Hedge funds on the other end of the spectrum have lost over 30% YTD. In the list shared above, the top 10 funds have invested in cryptocurrencies. However, the triple-digit returns need to be taken with caution as there is high volatility in Bitcoin and top altcoin markets. Based on data from PWC Hedge Fund Report, 97% of crypto hedge funds trade Bitcoin. With an incentive war in DeFi, there are exciting opportunities to lure hedge funds to invest in DeFi projects. Returns on DeFi projects were less rewarding in the past 7 days and 30 days. Top DeFi Projects have negative returns of -40 to -60% ranging in the short term. Long-term or YTD returns continue to be three-digit for most DeFi projects. This suggests that it’s likely that the Crypto Hedge fund industry may get revolutionized by investing in a basket of DeFi projects.

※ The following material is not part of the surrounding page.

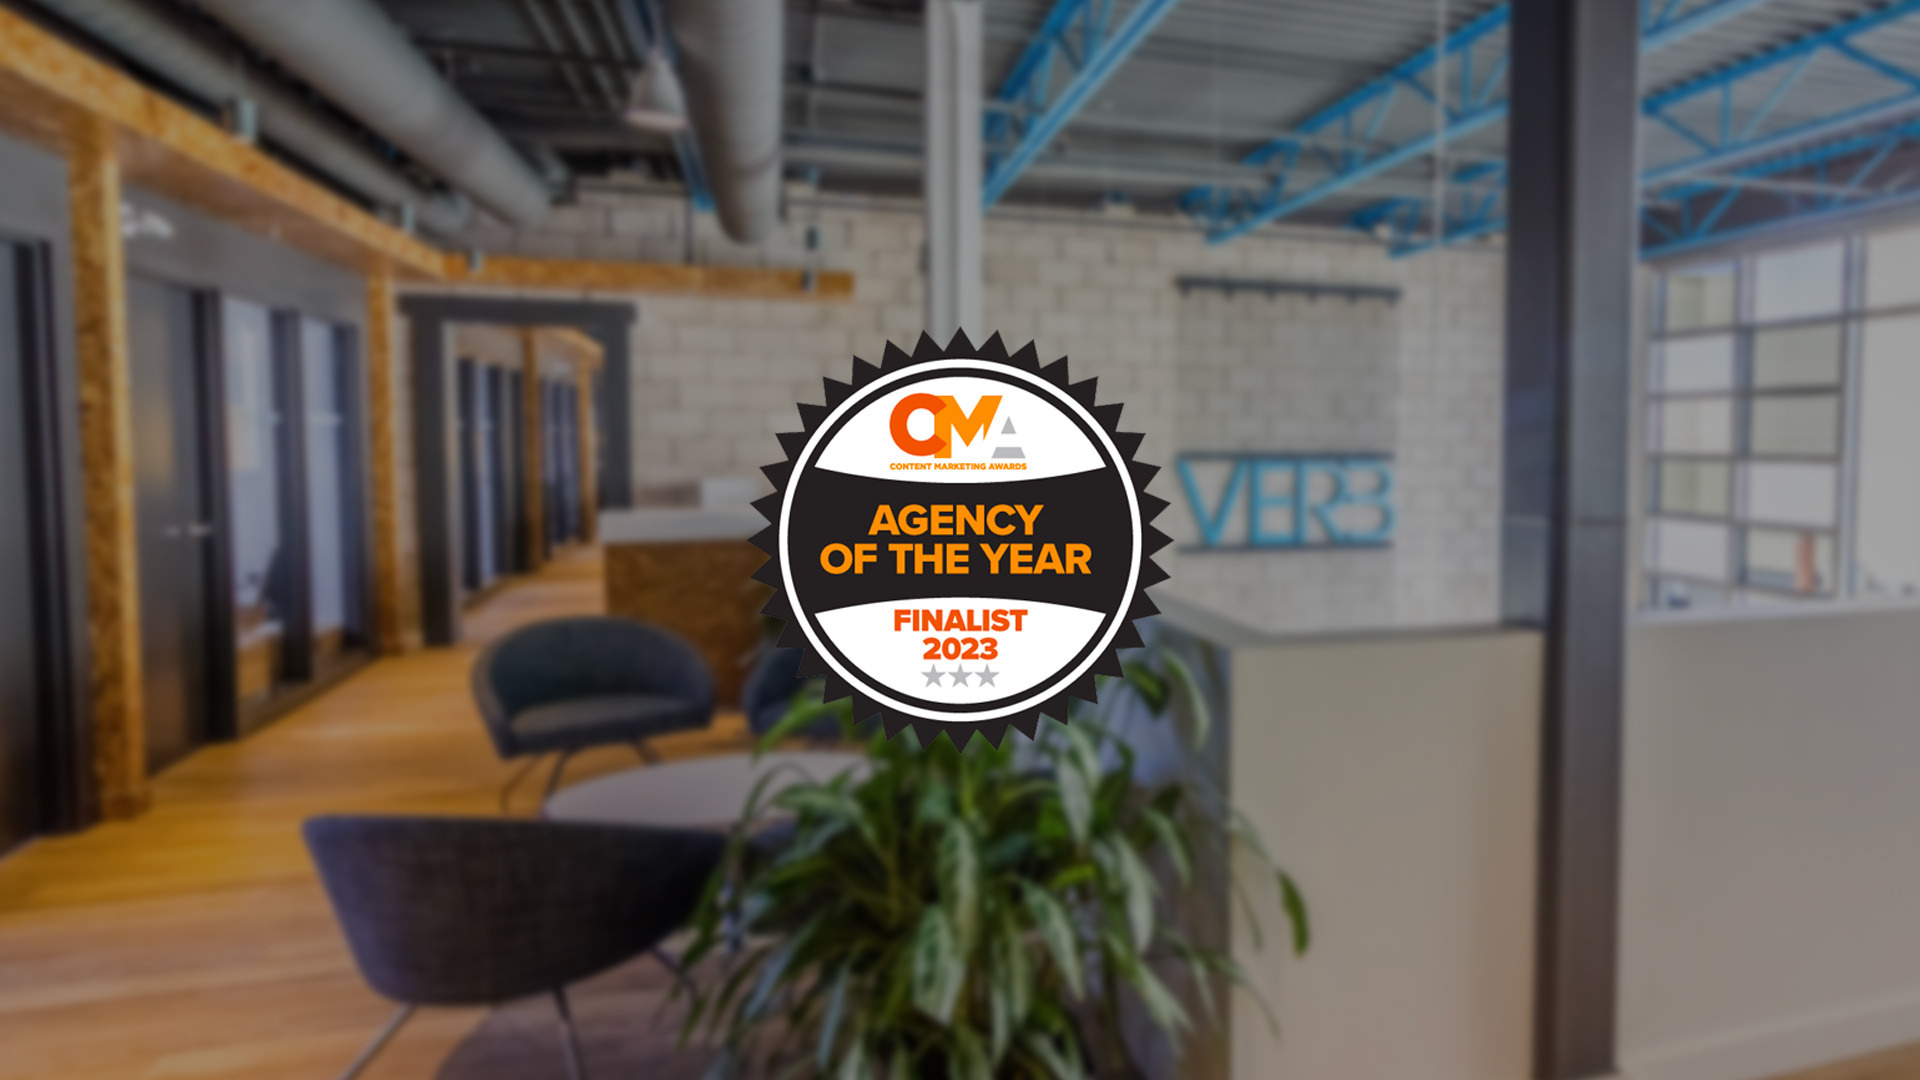 Content Marketing Awards - Agency of the year - Finalist 2023

There is high volatility due to high TVL in DeFi and this poses as an untapped opportunity for Hedge Fund Managers. The average crypto fund may outperform its underlying asset- if the asset was a DeFi Project. Panxora’s announcement of seeking $50 M for investing in DeFi projects is one of the first steps in this direction. As a retail trader, one could leverage this and route investments to DeFi projects with high YTD.
Based on data from Messari’s DeFi screener, top projects like Aave, Yearn.Finance and Melon Protocol have high YTD ranging from 2591% to 507%. Parking funds in such projects could possibly give a retail trader an edge over institutions, as they are still in the early stages of experimenting with DeFi as an investment instrument from a long-term perspective.